An Adaptive Importance Sampling for Locally Stable Point Processes
Hee-Geon Kang, Sunggon Kim

TL;DR
This paper introduces an adaptive importance sampling method for efficiently estimating expectations of statistics in locally stable point processes, leveraging cross-entropy minimization for optimal importance process tuning.
Contribution
It proposes a novel adaptive importance sampling scheme restricted to homogeneous Poisson processes, with proven convergence and asymptotic normality, improving estimation efficiency.
Findings
Estimator converges almost surely to the true value.
Method outperforms traditional MCMC and perfect sampling in simulations.

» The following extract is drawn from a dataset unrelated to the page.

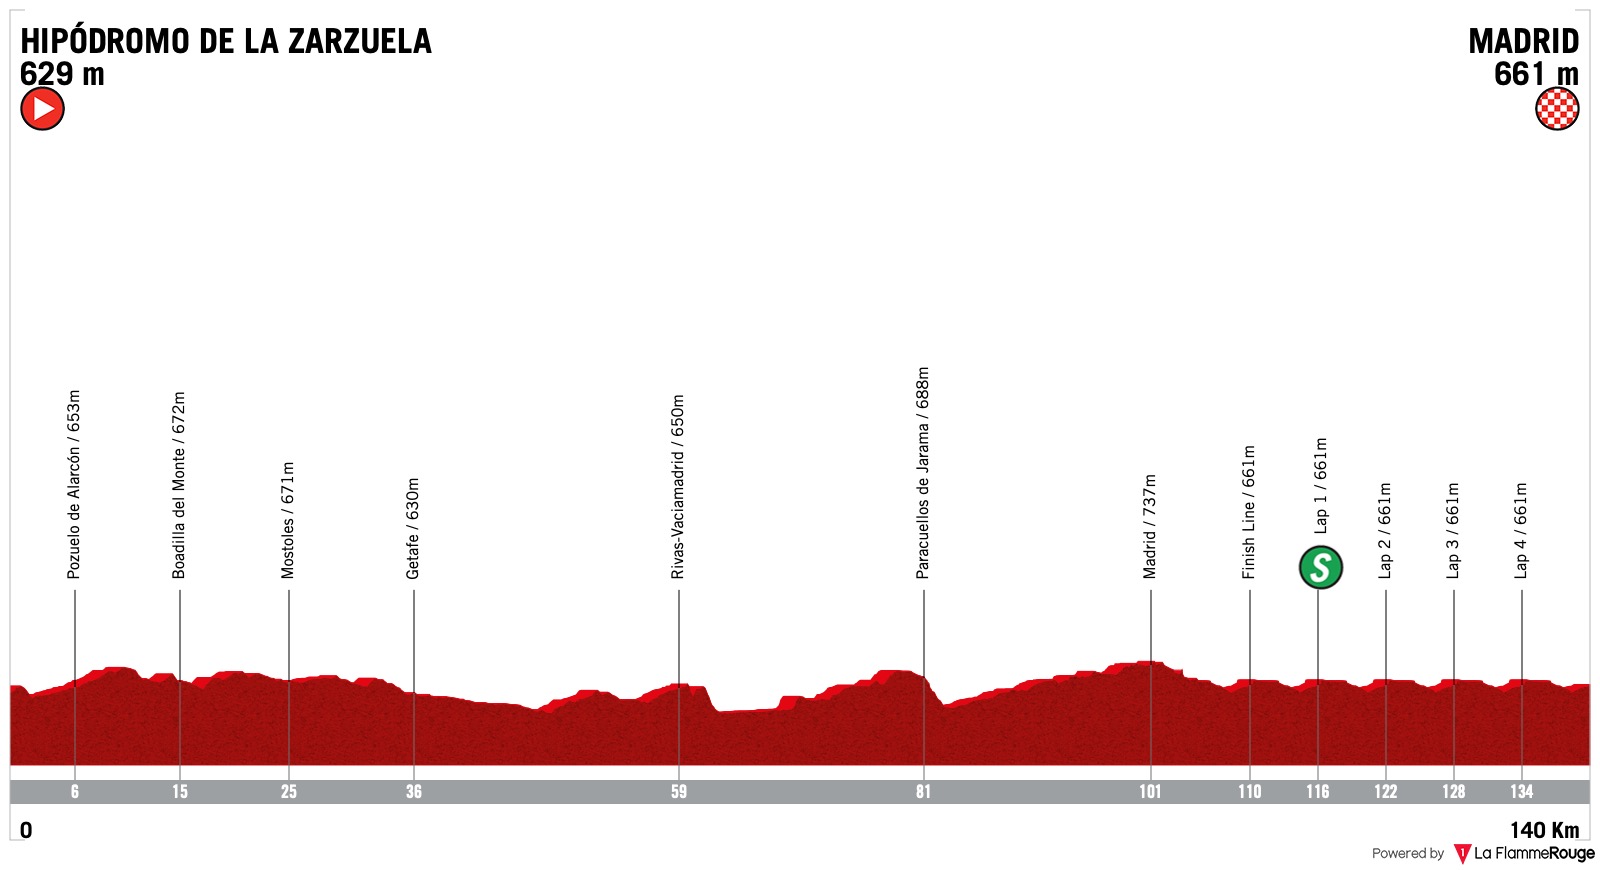 Vuelta a espana official website

Applicable to stationary pairwise interaction point processes.
Abstract
The problem of finding the expected value of a statistic of a locally stable point process in a bounded region is addressed. We propose an adaptive importance sampling for solving the problem. In our proposal, we restrict the importance point process to the family of homogeneous Poisson point processes, which enables us to generate quickly independent samples of the importance point process. The optimal intensity of the importance point process is found by applying the cross-entropy minimization method. In the proposed scheme, the expected value of the function and the optimal intensity are iteratively estimated in an adaptive manner. We show that the proposed estimator converges to the target value almost surely, and prove the asymptotic normality of it. We explain how to apply the proposed scheme to the estimation of the intensity of a stationary pairwise interaction point process.…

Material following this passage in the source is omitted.